Bukan juga penghematan. Karena nebeng gratisan jauh lebih hemat ketimbang jalan kaki.
Kesehatan? Bagiku itu mitos. Kakekku dan ayahku dulu meninggal karena sakit pada usia 50-an awal. Mereka adalah petani yang pada usia itu telah berjalan kaki lebih jauh dan lebih lama ketimbang diriku pada umur yang sama.
Kini usiaku sudah melewati batas minimal lansia. Syukur kepada Allah, aku dikaruniai-Nya kesehatan.
Riset Menggunakan "Metode Malas"
Jadi jangan buru-buru percaya pada hasil riset Stanford University (2017) yang menggunakan "metode 0malas". Malas? Ya, malas, ogah jalan ke negara-negara yang diriset.
Tim riset Stanford University hanya menganalisis data menit per menit dari 700.000 orang sampel di sejumlah negara. Sampel adalah pengguna telepon seluler dengan aplikasi Argus--aplikasi pemantau aktivitas.
Hasilnya, ditemukan fakta sub-sampel orang Indonesia paling malas jalan kaki sedunia. Rata-rata hanya 3.513 langkah per hari. Atau hanya 51% dari jarak jalan kaki orang Hongkong: 8.880 langkah, paling rajin sedunia.

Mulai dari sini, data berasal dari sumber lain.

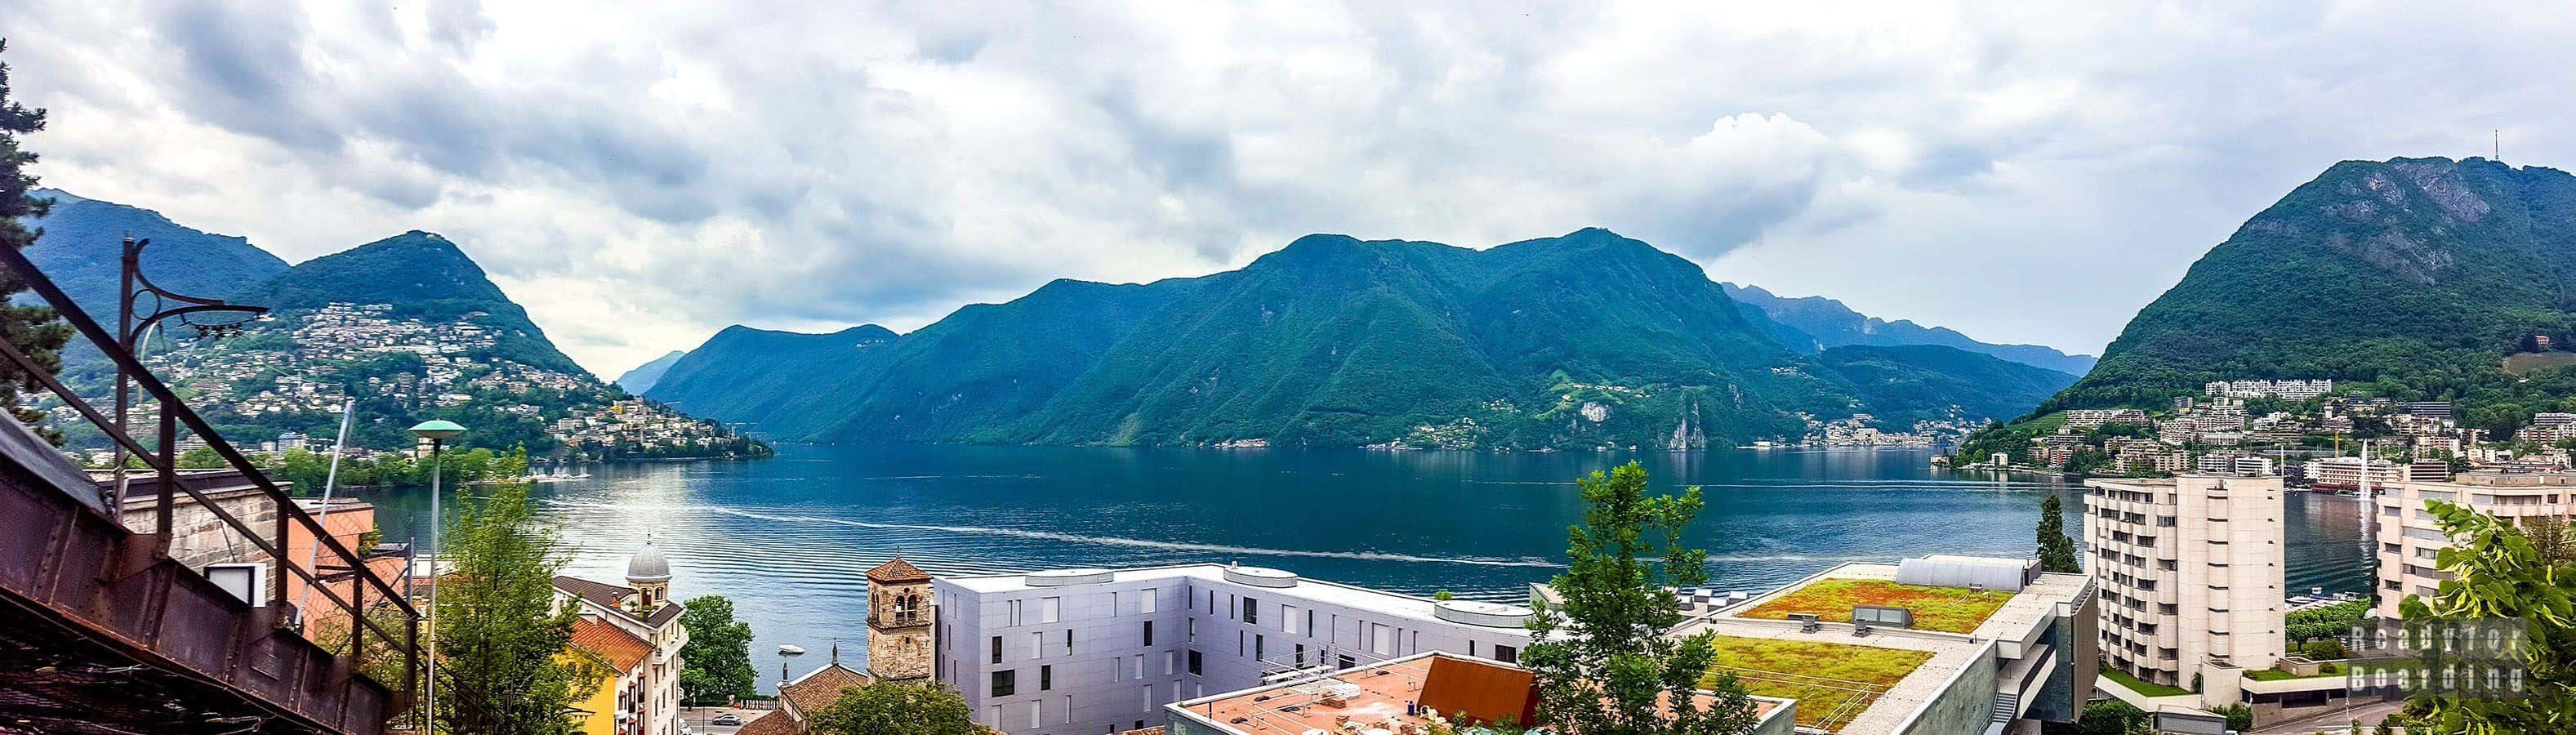 Panorama: Lugano - Szwajcaria

Masalahnya, siapakah sampel orang Indonesia itu? Mereka adalah minoritas kelas menengah-atas perkotaan. Lazimnya adalah kelas eksekutif kaya yang mampu membeli telepon seluler canggih.
Jadi kesimpulan "orang Indonesia malas jalan kaki" itu berlaku untuk kelas elite sosial itu. Bukan untuk bangsa Indonesia.
Ah, kesimpulan ini mengingatkanku akan mitos "Melayu malas". Ini labelisasi pribumi Asia Tenggara oleh pemerintah kolonial tempo dulu. Tanpa sudi melihat soal itu sebagai bentuk resistensi pribumi terhadap penjajahan.
Saya jadi suudzon. Jangan-jangan periset dari Stanford University itu adalah bagian dari kekuatan kolonialisme ekonomi yang hebdak menjajah Indonesia menggunakan senjata telepon seluler canggih. Bisa saja, bukan?